D2. Due to a high berm blocking his view, scraper operator drove on the left side of the road when entering the haul road, violating the two-way, right-hand traffic rule. It was obvious that the violation was repeated violations, rather than short-term act.
D3. The two vehicles arrived at the crossroad at the same time, but either of the drivers did not realize the front traffic situation. The broadcast signal of the area was not good, so the communication between them was poor, which belongs to the level of organizational climate.
D4. The bowl control lever was not working properly when the scraper was slowing down, and scraper operator turned back instead of looking ahead. Failure to allocate his attention properly is a skill-based error. Scraper operator turned back resulting from his overconfidence for driving, which belongs to adverse mental states. And the failure to operate lever is the technological environment of environmental factors. There were problems with the bowl control lever repeatedly, but the supervisor did not help the scraper operator fix the lever in time，which is the failure to correct the problem.
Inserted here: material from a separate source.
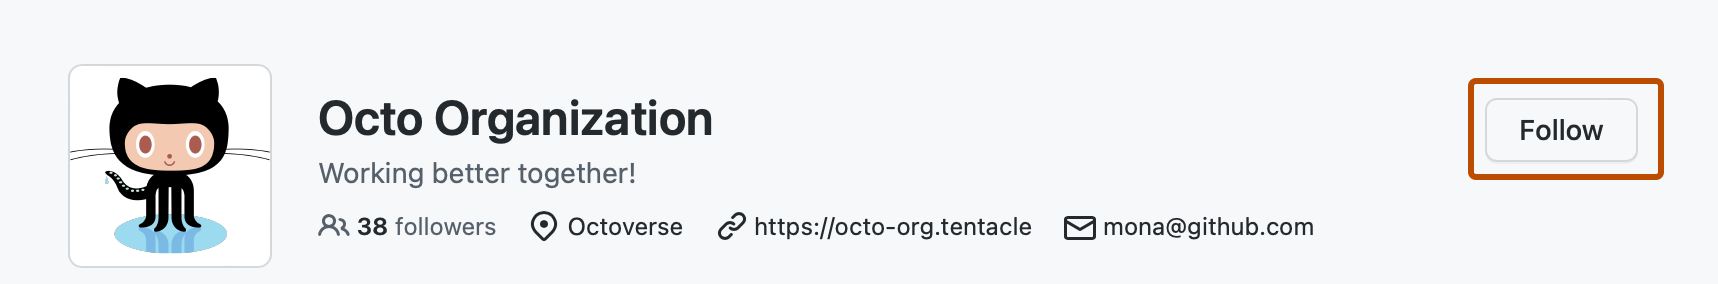 Captura de tela da página de perfil de @octo-org. Um botão, rotulado como "Seguir", está contornado em laranja escuro.

D5. Fuel truck driver’ head was down, which was abnormal, and it was inferred that it was a sudden act caused by adverse physiological state.
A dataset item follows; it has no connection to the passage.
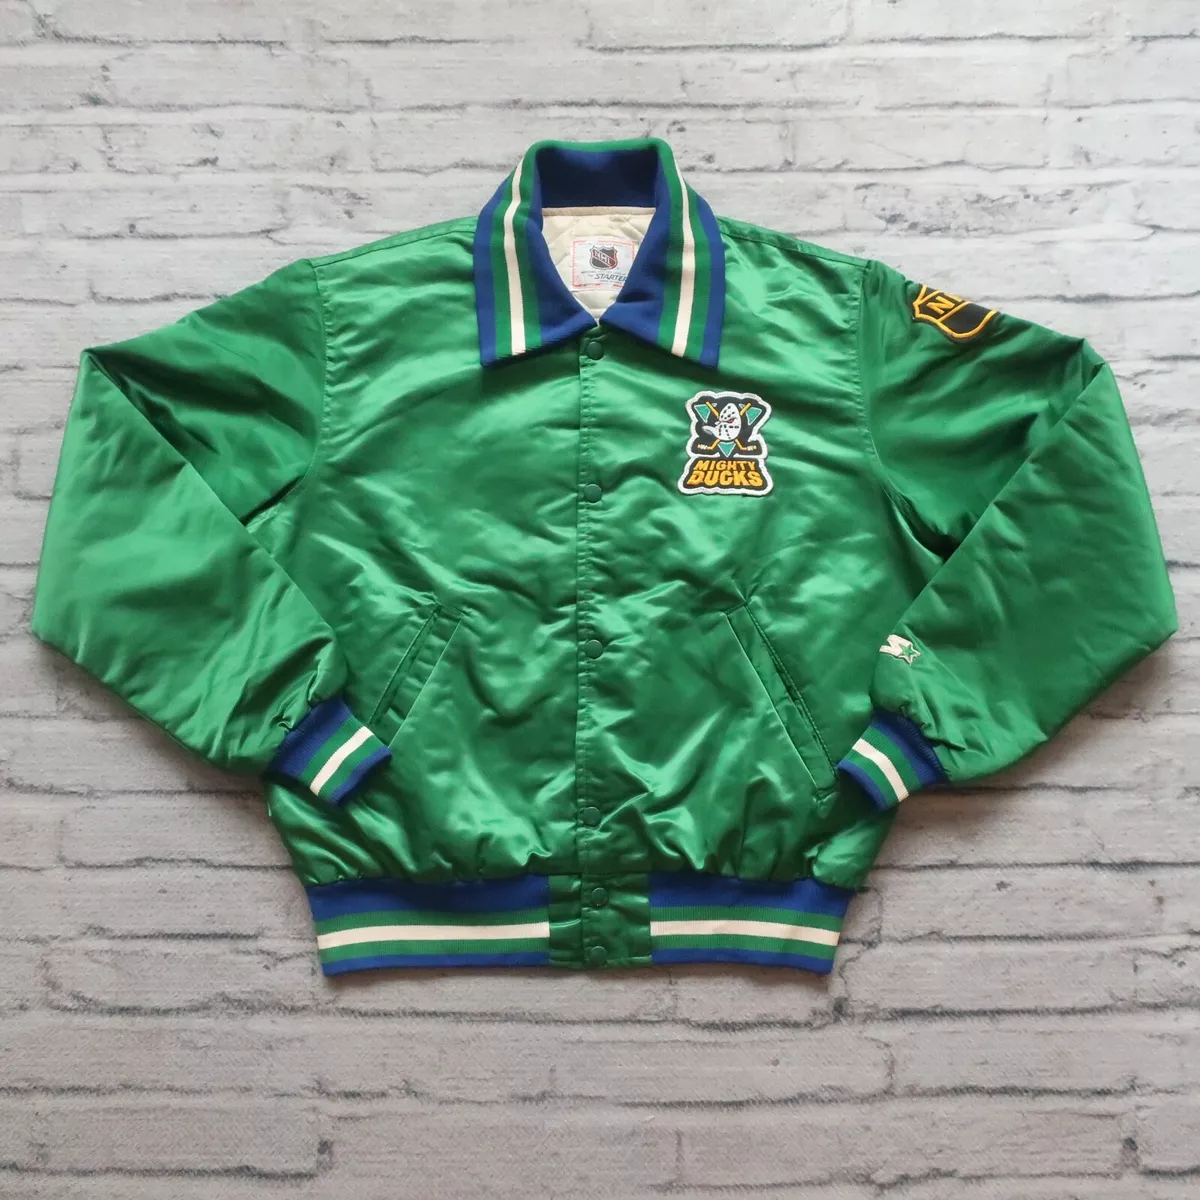 Vintage 90s Anaheim Ducks Starter Jacket -  Singapore

D6. The two drivers did not whistle and did not take evasive action. It is a skill-based error. The drivers did not fully inform their location, and it was personnel factors-crew resource management. At the same time, it exposed that the company did not have the regulation that the staff should remind others when entering an area, and it was organization process.
C3, C4. Impact or electrical appliances shortcut produced fire source, which was the technological environment.
B3. After the collision, the fuel truck driver did not react to the call of the colleagues because of his adverse mental state.
B4. Colleagues chose to put out the fire firstly instead of saving the driver. The workers chose mistakenly when facing with the emergency, and it was decision error, which exposed the problem of inadequate training belonging to personnel readiness of personnel factors. If the company had provided with professional guidance and training for staff, this situation would have not happened, so its supervision was inadequate.
B5. The fuel truck carried a great quantity of gas, causing the extinguishing failed. It is environmental factors of physical environment.
From the analysis, it can be concluded that the key events are D3 “drivers are not informed of the front situation resulting from inadequate broadcast system”, D4 “the scraper’s bowl control lever was not working properly, so the operator did not look straight ahead”, B3 “fuel truck driver did not make an escape response in time” and B4 “Colleges chose to put out the fire firstly instead of saving the driver”. Thus, in order to prevent similar accidents, precautionary measures should focus on supervising workers to correct the problems timely at supervision level, improving the awareness of communication and saving human firstly at organizational level, besides, the company is supposed to strengthen the physical examination for all the staffs and install surveillance cameras at key positions.
1) On the theoretical basis, the new method, eliminating the shortcomings of HFACS, makes HFACS point to specific events and the sequence of events and description of causes more clear, and helps to find key factors to prevent the similar accidents.
2) From the analysis process, this method is clear and perspicuous and the step is easy to master, which provides an effective analysis method for accident analysis. From the analysis result, the method not only displays the relationship between the person and organization visually, but also can accurately classify the human factors. And the investigators can formulate corresponding measures to prevent accidents.
3) The analysis is based on the past researches, and Accident Causality Diagram remains to be drawn in more details. Although it has made some achievements, it still needs to be applied to a large quantity of practical accident analysis so as to prove its feasibility.